Writing for the World Socialist Web Site, Barry Grey observed: HSBC "was allowed to pay a token fine--less than 10 percent of its profits for 2011 and a fraction of the money it made laundering the drug bosses' blood money. Meanwhile, small-time drug dealers and users, often among the most impoverished and oppressed sections of the population, are routinely arrested and locked up for years in the American prison gulag."

"The financial parasites who keep the global drug trade churning and make the lion’s share of money from the social devastation it wreaks are above the law," Grey noted.

"Here, in a nutshell," Grey wrote, "is the modern-day aristocratic principle that prevails behind the threadbare trappings of 'democracy.' The financial robber barons of today are a law unto themselves. They can steal, plunder, even murder at will, without fear of being called to account.
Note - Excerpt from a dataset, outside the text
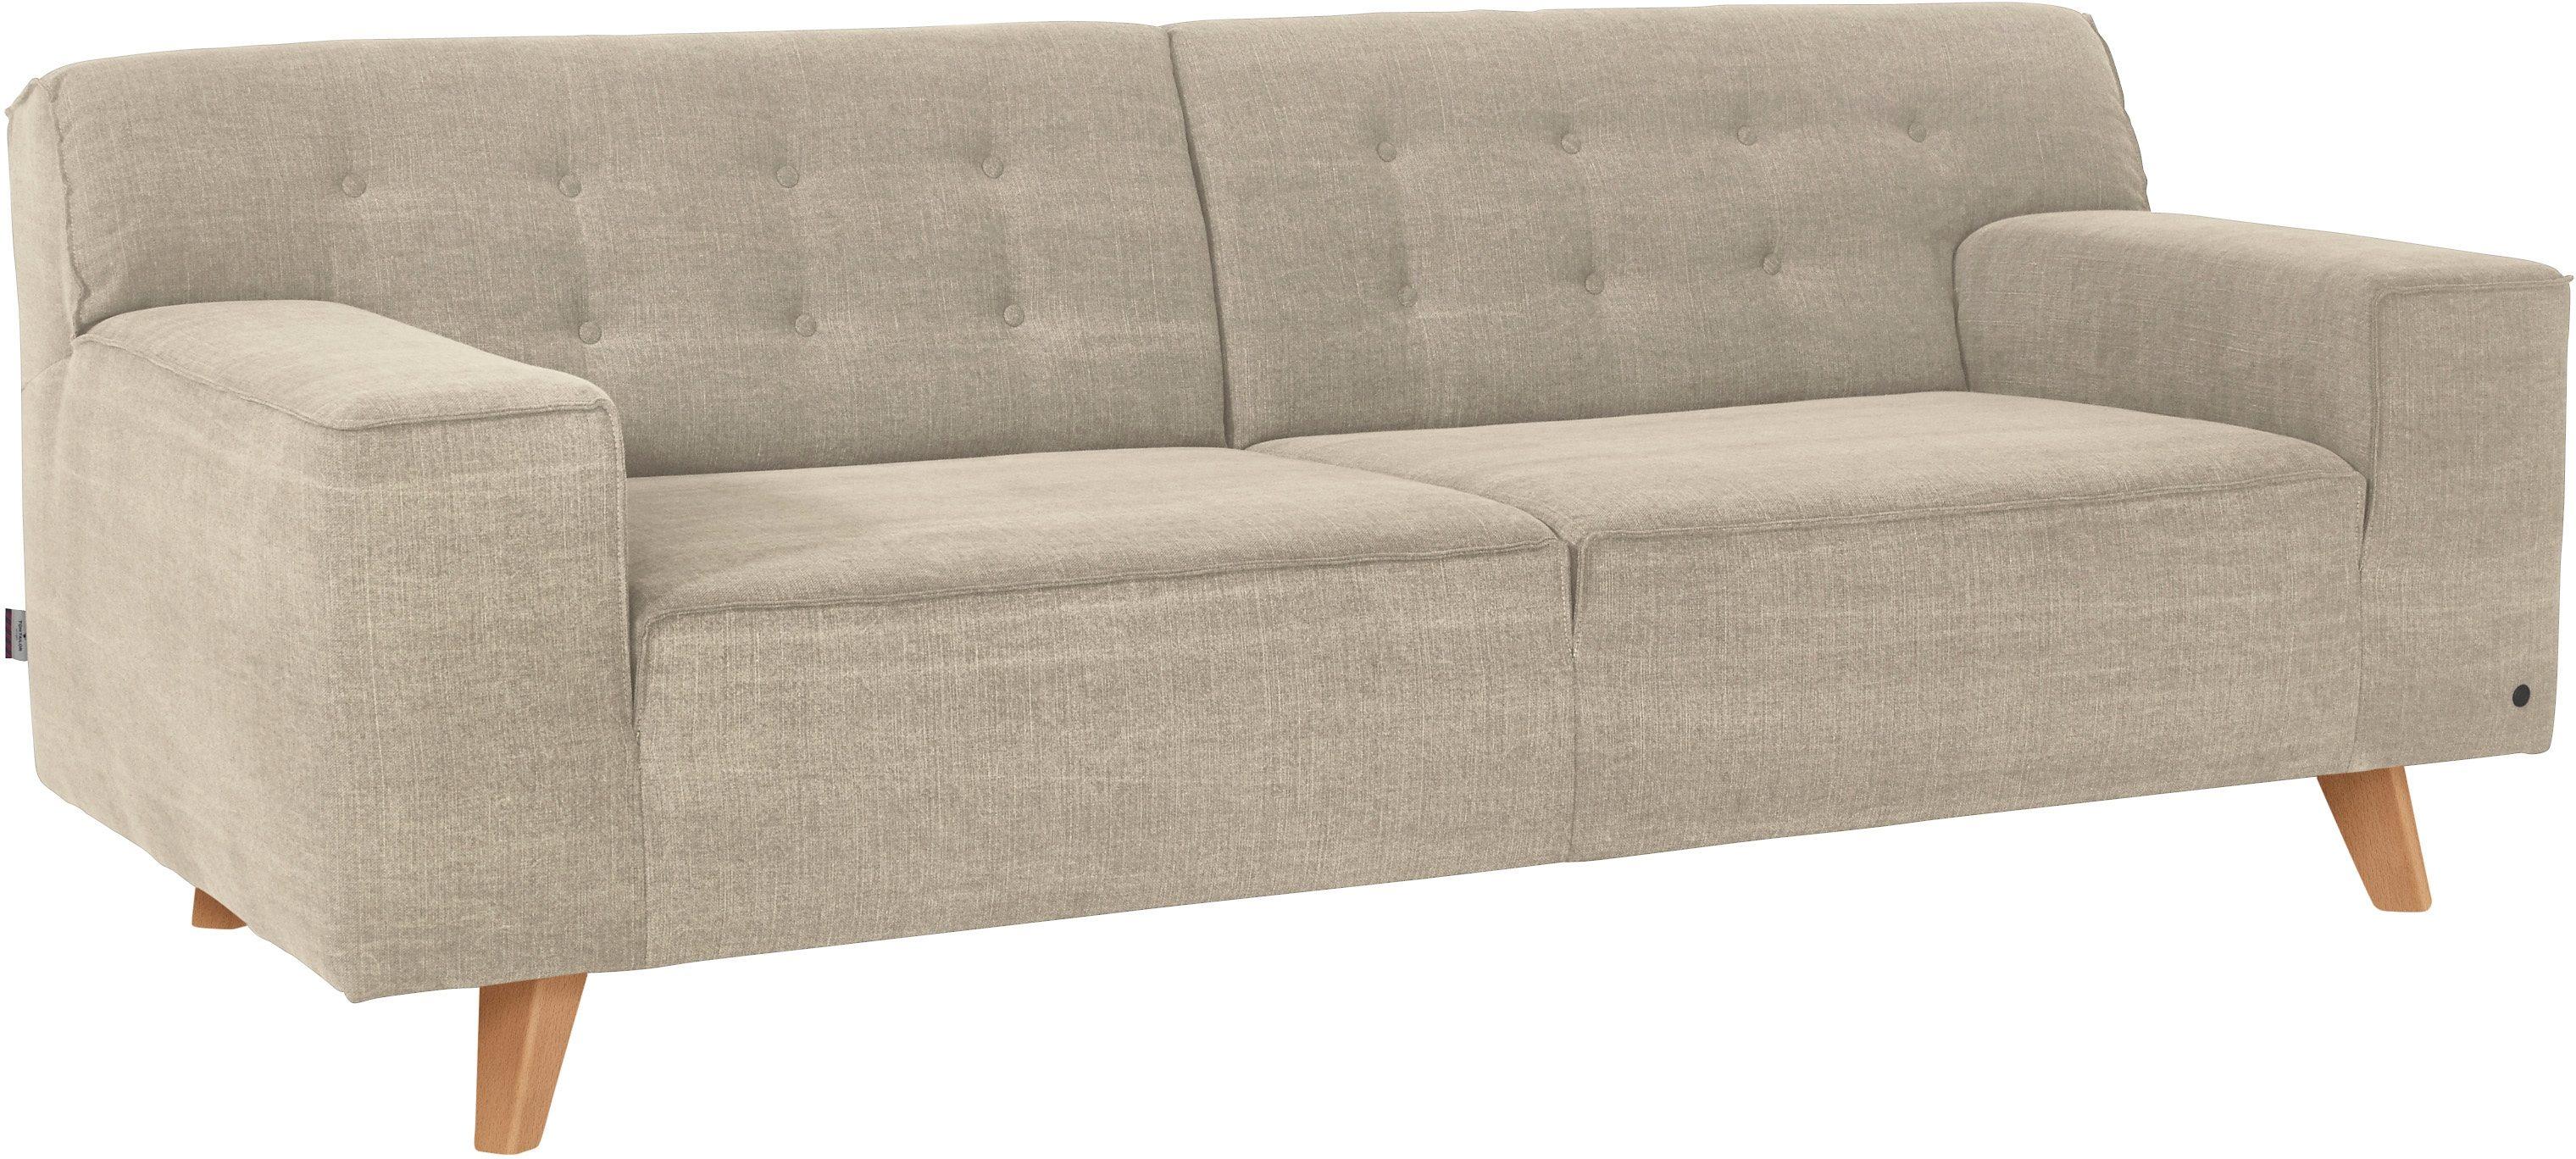 TOM TAILOR 2-Sitzer Sofa »NORDIC CHIC« im Retrolook, Füße Buche natur

They devote a portion of their fabulous wealth to bribing politicians, regulators, judges and police--from the heights of power in Washington down to the local police precinct--to make sure their wealth is protected and they remain immune from criminal prosecution."

Regarding America's fraudulent "War on Drugs," researcher Oliver Villar, who with Drew Cottle coauthored the essential book, Cocaine, Death Squads, and the War on Terror: US Imperialism and Class Struggle in Colombia, told Asia Times Online, it is a "war" that the state and leading banks and financial institutions in the capitalist West have no interest whatsoever in "winning."

When queried why he argued that the "war on drugs is no failure at all, but a success," Villar noted: "I come to that conclusion because what do we know so far about the war on drugs? Well, the US has spent about US$1 trillion throughout the globe. Can we simply say it has failed? Has it failed the drug money-laundering banks? No. Has it failed the key Western financial centers? No. Has it failed the narco-bourgeoisie in Colombia--or in Afghanistan, where we can see similar patterns emerging? No. Is it a success in maintaining that political economy? Absolutely."

Equally important, what does the impunity shamelessly enjoyed by such loathsome parasites say about us?

Have we become so indifferent to officially sanctioned crime and corruption, the myriad petty tyrannies and tyrants, from the boardroom to the security checkpoint to the job, not to mention murderous state policies that have transformed so-called "advanced" democracies into hated and loathed pariah states, who we really are?

As the late author J. G. Ballard pointed out in his masterful novel Kingdom Come, "Consumer fascism provides its own ideology, no one needs to sit down and dictate Mein Kampf. Evil and psychopathy have been reconfigured into lifestyle statements."

Paranoid fantasy? Wake up and smell the corporatized police state.